──────── Data shown

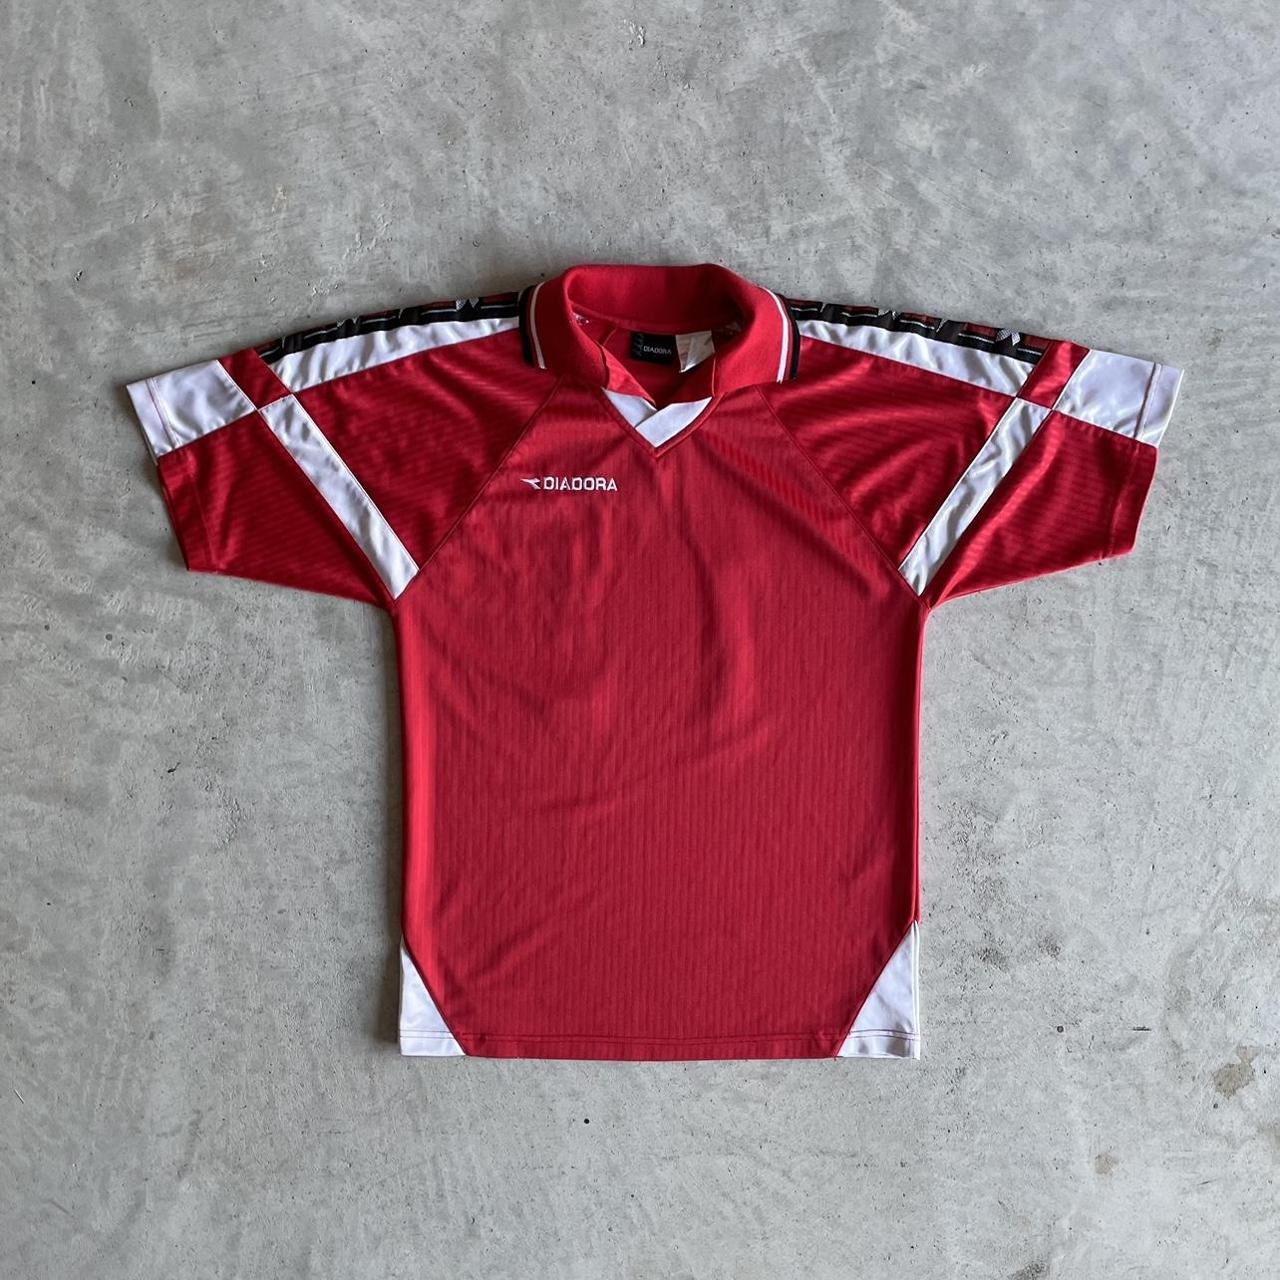 Diadora Men's Red and White T-shirt | Depop
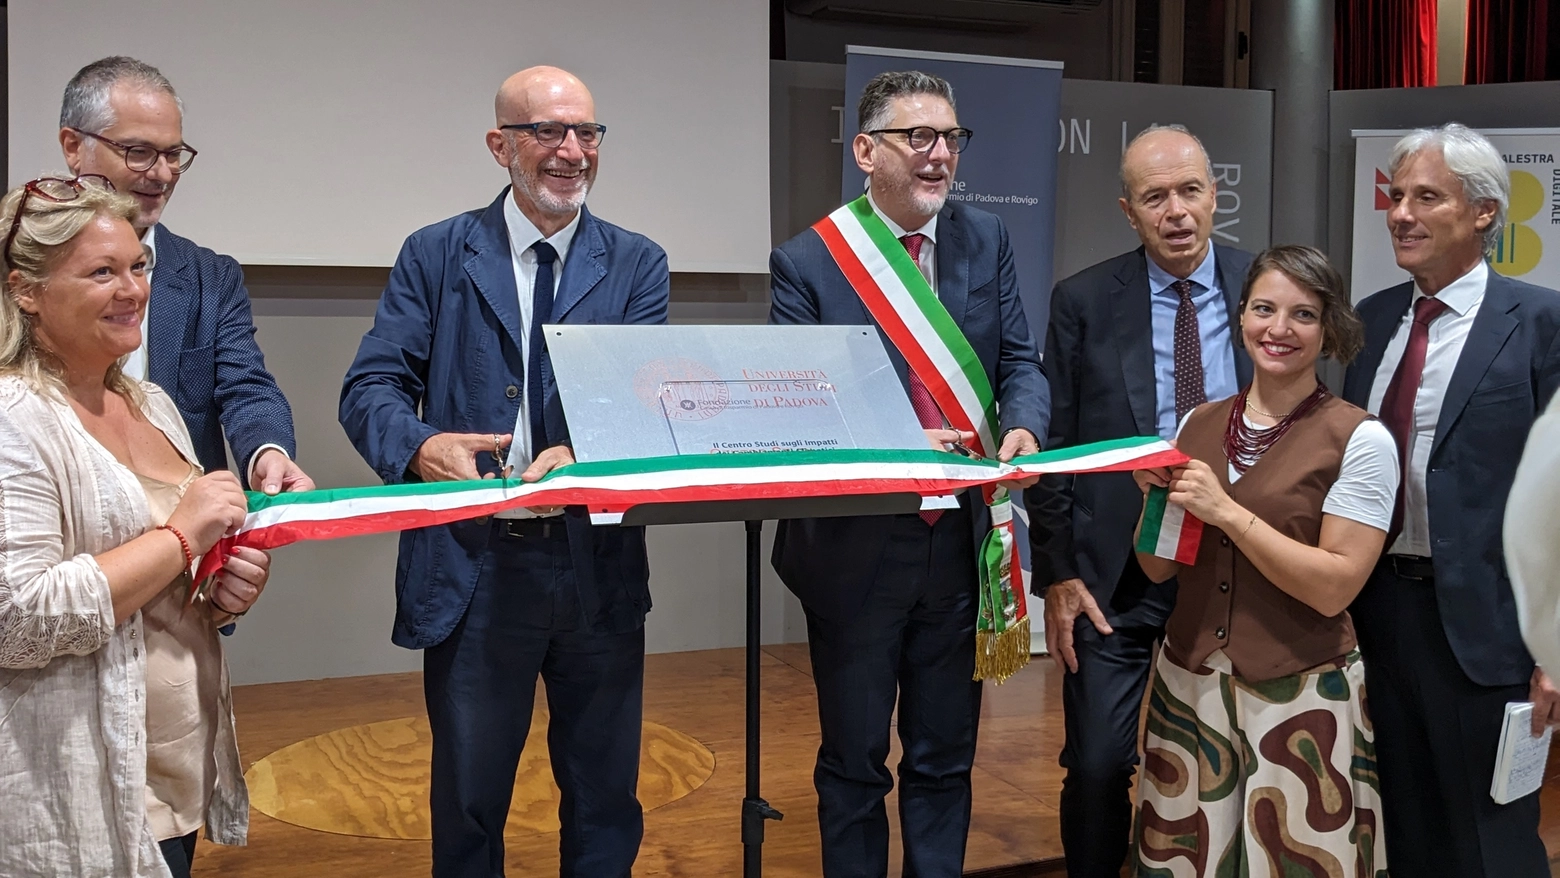 L’Università di Padova e Fondazione Cariparo hanno attivato a Rovigo un'innovativa laurea sui temi del rischio idrologico e geologico
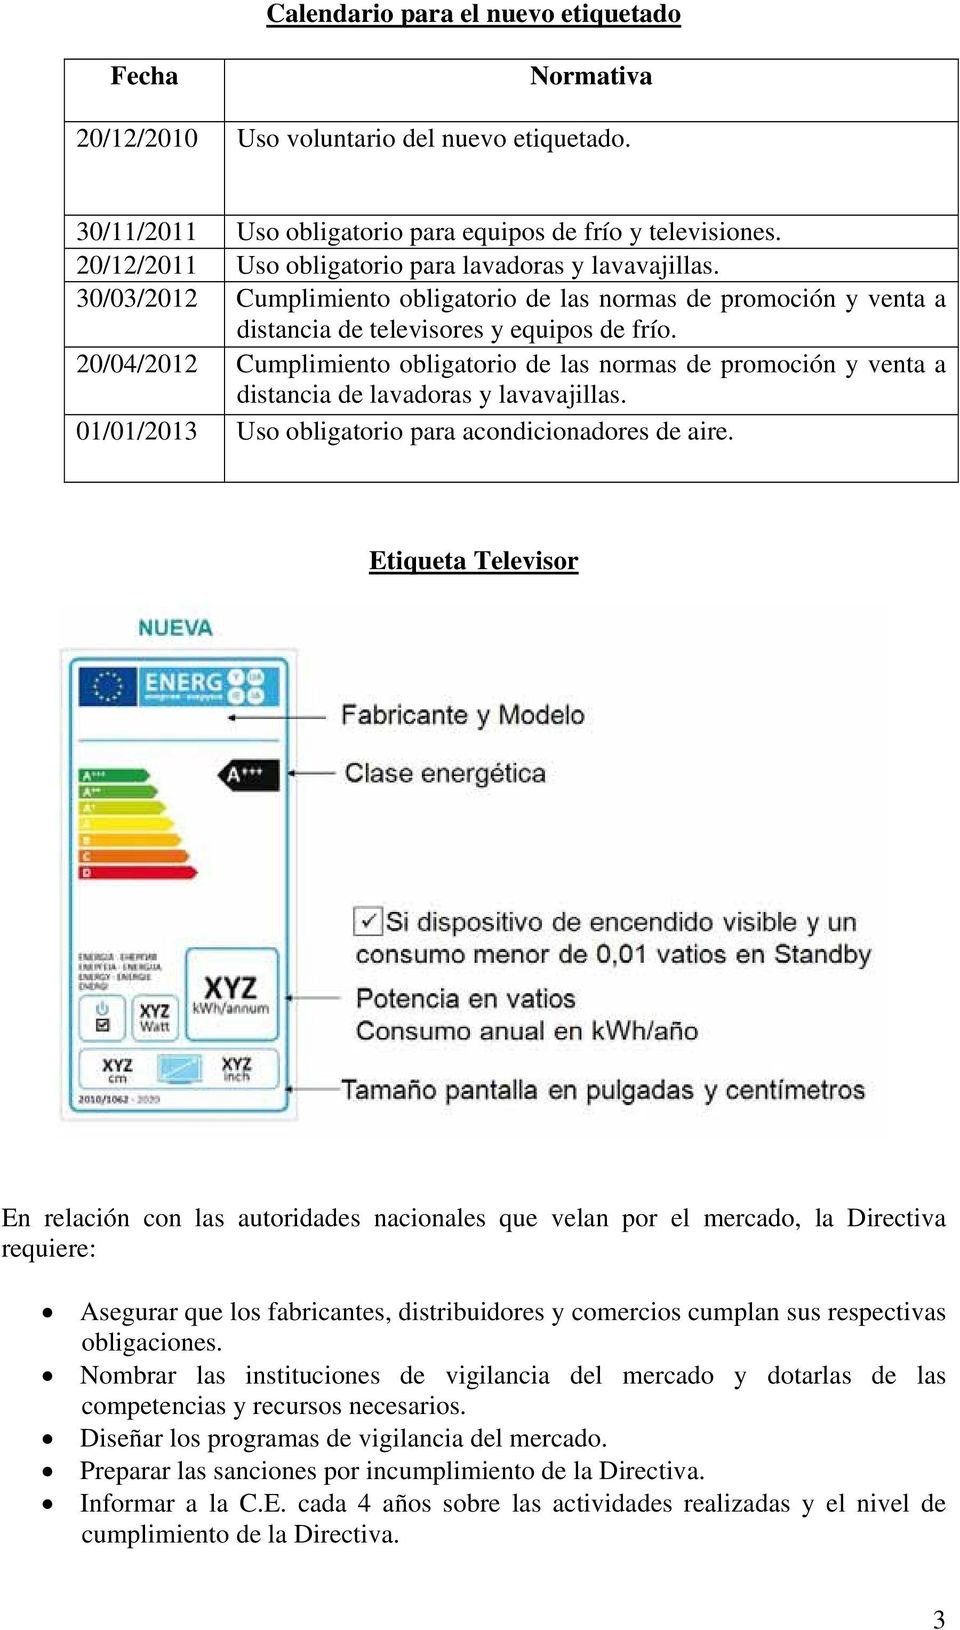 20/04/2012 Cumplimiento obligatorio de las normas de promoción y venta a distancia de lavadoras y lavavajillas. 01/01/2013 Uso obligatorio para acondicionadores de aire.
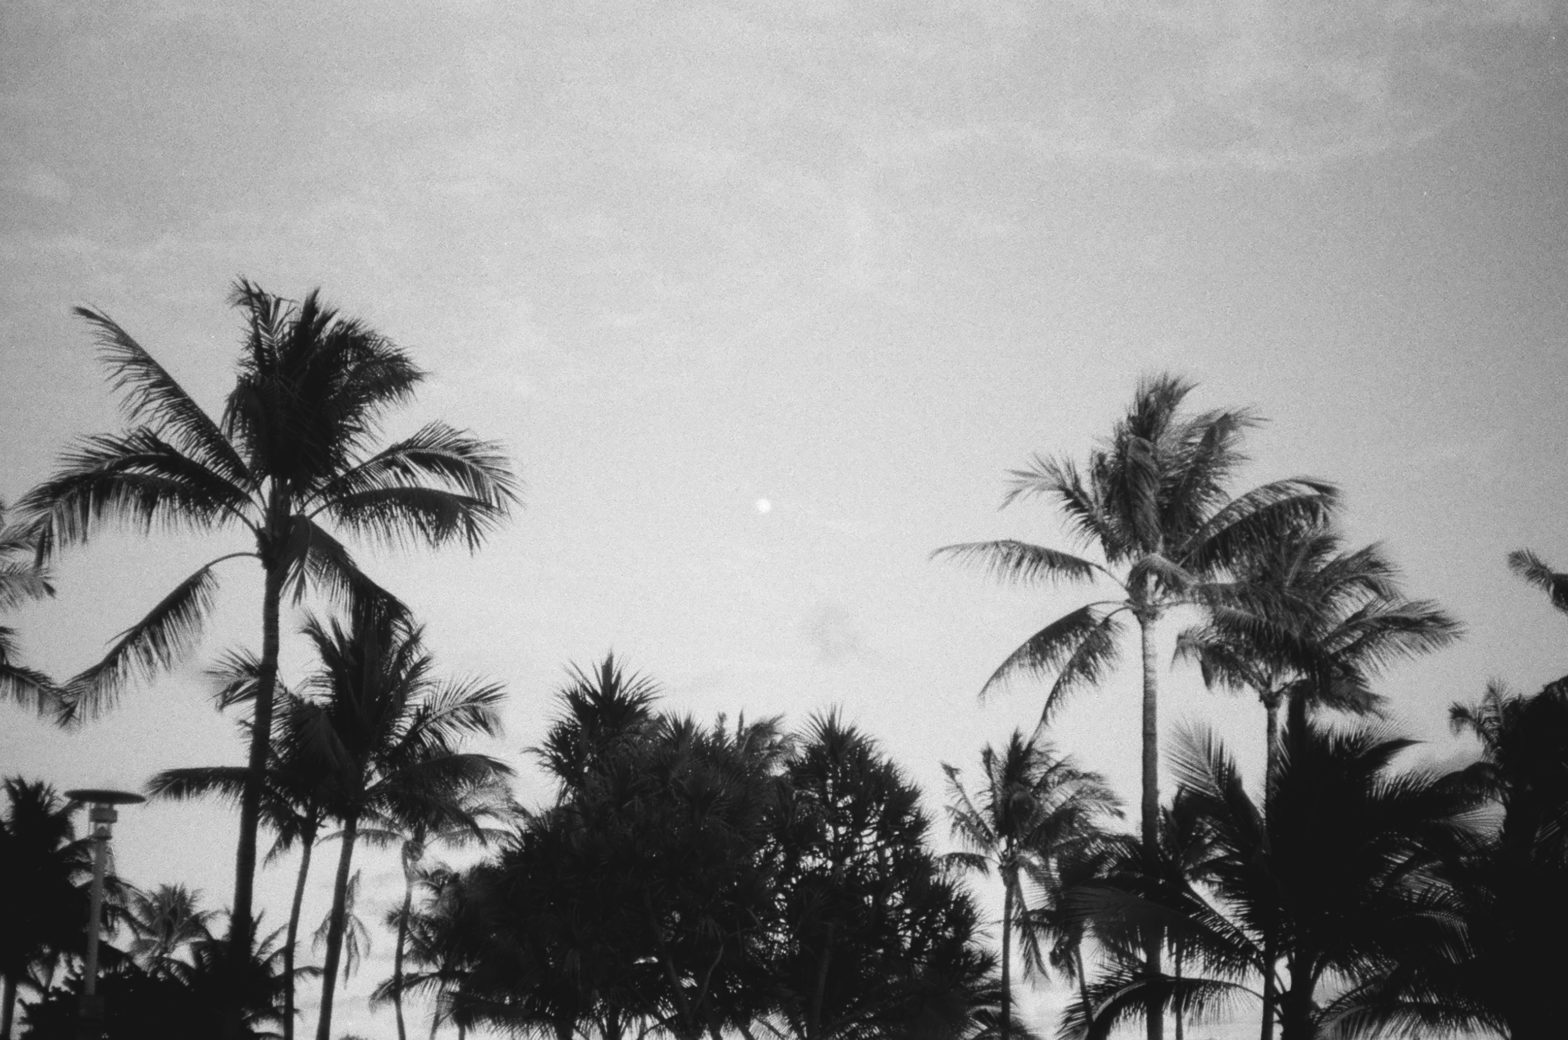 The moon Miami South beach

────────────────

- **Exercise goal**
When you reach a picture, pass over it; write out all other material exactly.

- **Result of this exercise**
 Diadora Men's Red and White T-shirt | Depop
 L’Università di Padova e Fondazione Cariparo hanno attivato a Rovigo un'innovativa laurea sui temi del rischio idrologico e geologico
 20/04/2012 Cumplimiento obligatorio de las normas de promoción y venta a distancia de lavadoras y lavavajillas. 01/01/2013 Uso obligatorio para acondicionadores de aire.
 The moon Miami South beach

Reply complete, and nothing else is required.